____ SUPPLIED DATA
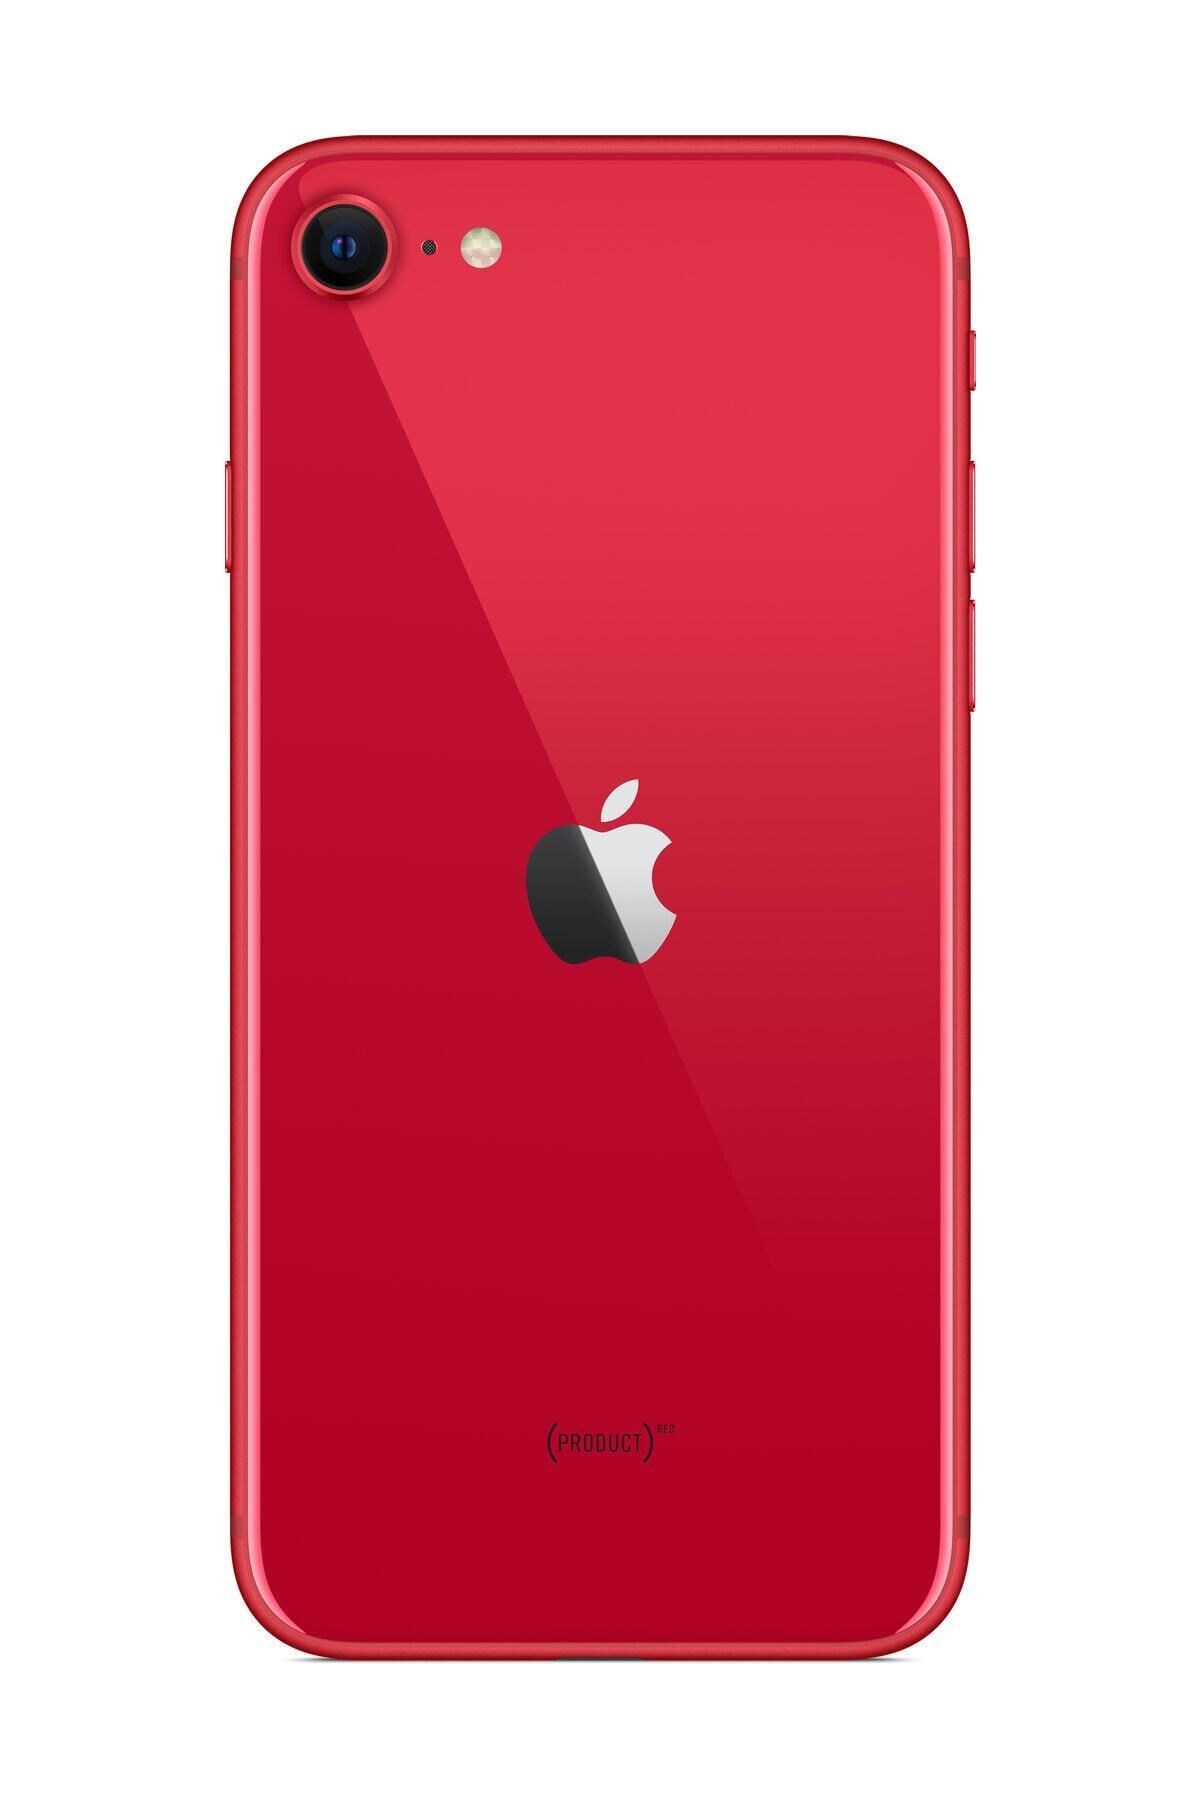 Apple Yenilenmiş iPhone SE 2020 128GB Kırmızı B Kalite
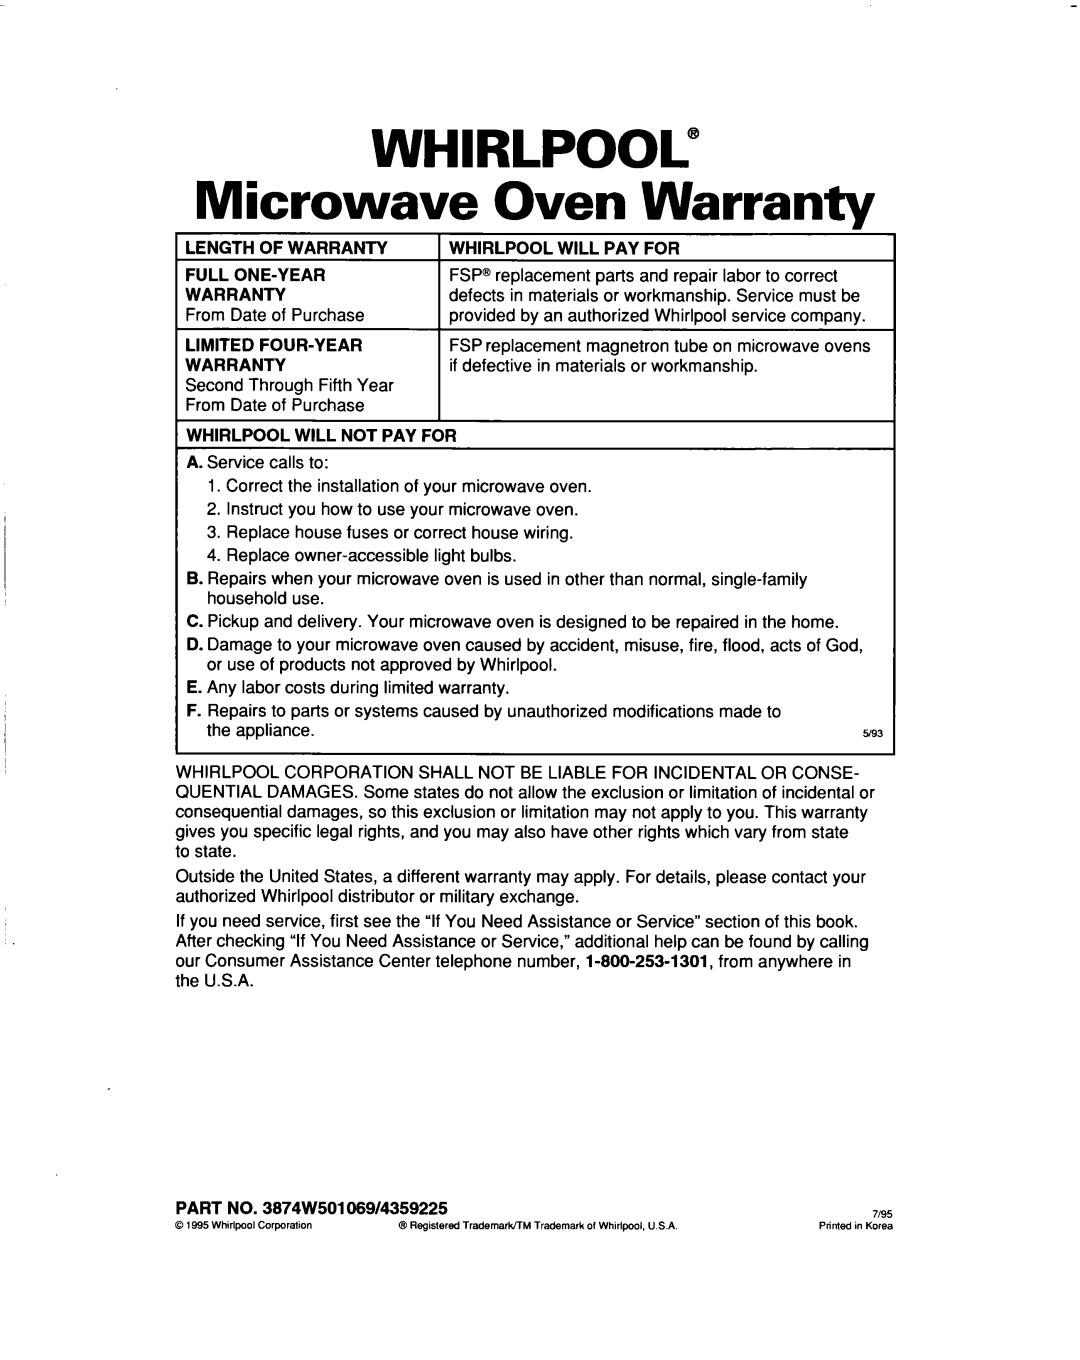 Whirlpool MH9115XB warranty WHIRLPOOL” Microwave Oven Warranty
________
____ SUPPLIED DATA
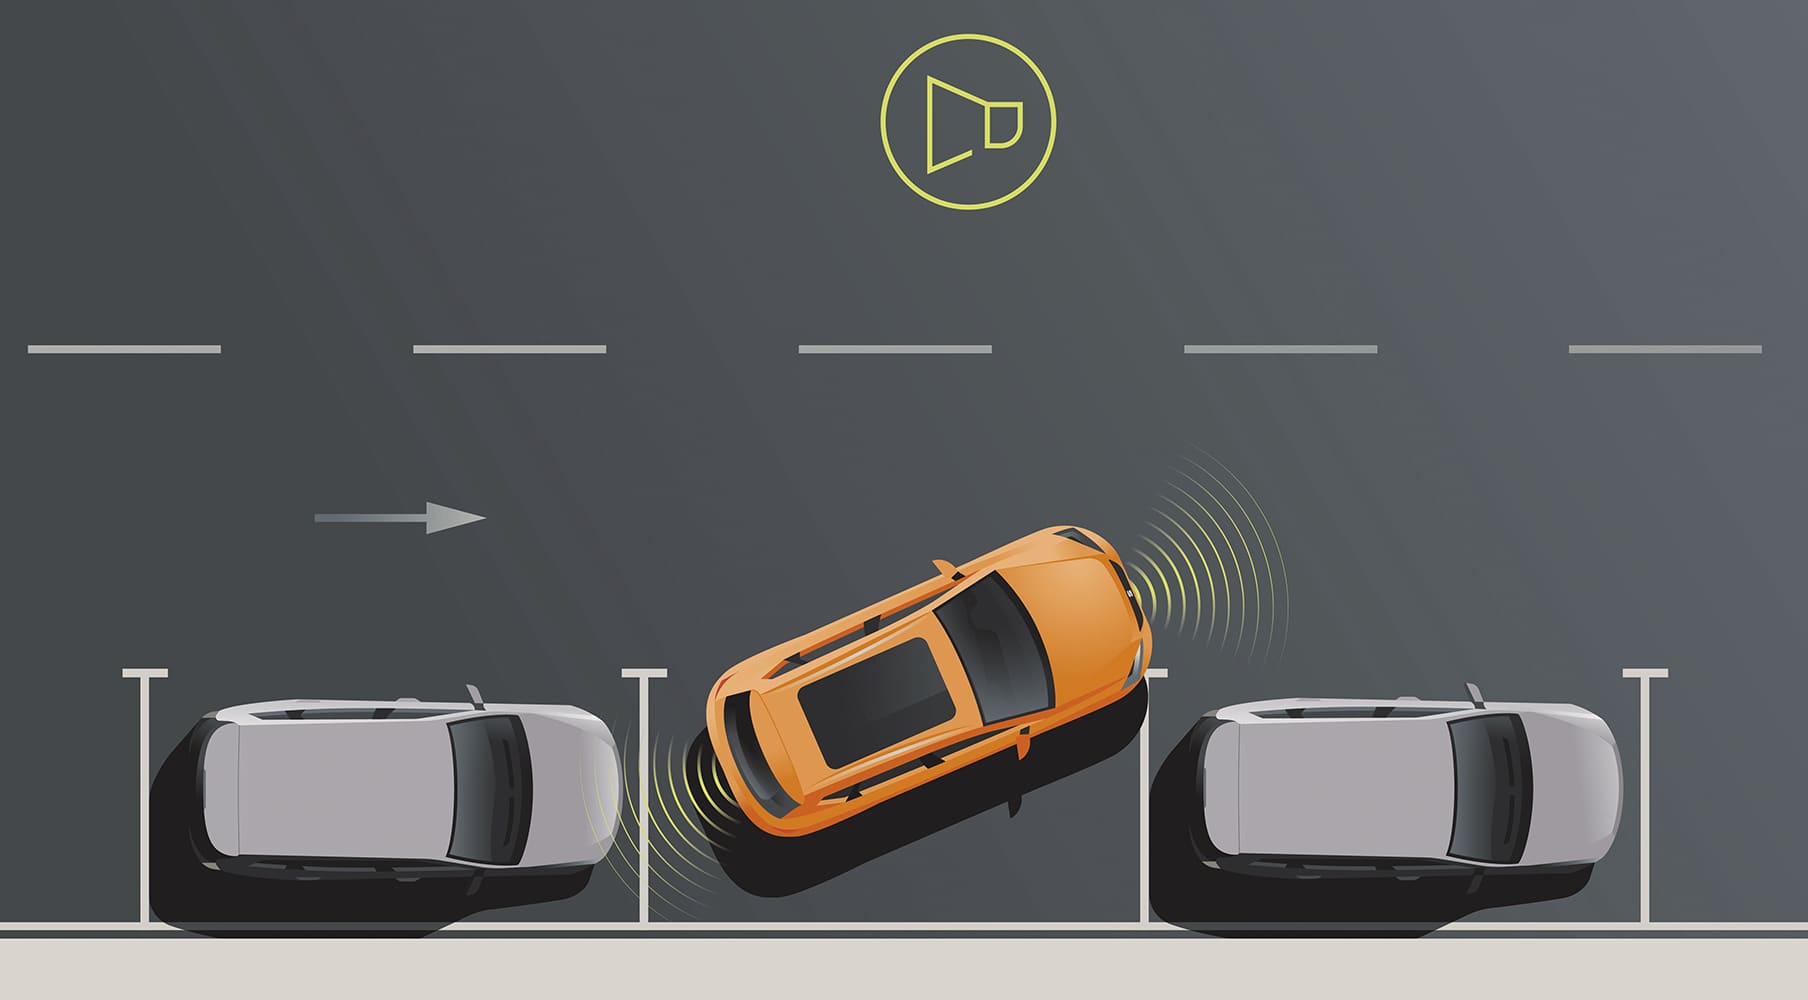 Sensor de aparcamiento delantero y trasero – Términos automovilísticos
________
*EXERCISE GOAL*:
Whatever pictures the records hold, omit them; give again exactly the lines from the one containing "Apple Yenilenmiş iPhone" through the one containing "Whirlpool MH9115XB warranty".

*YOUR RESPONSE*:
 Apple Yenilenmiş iPhone SE 2020 128GB Kırmızı B Kalite
 Whirlpool MH9115XB warranty WHIRLPOOL” Microwave Oven Warranty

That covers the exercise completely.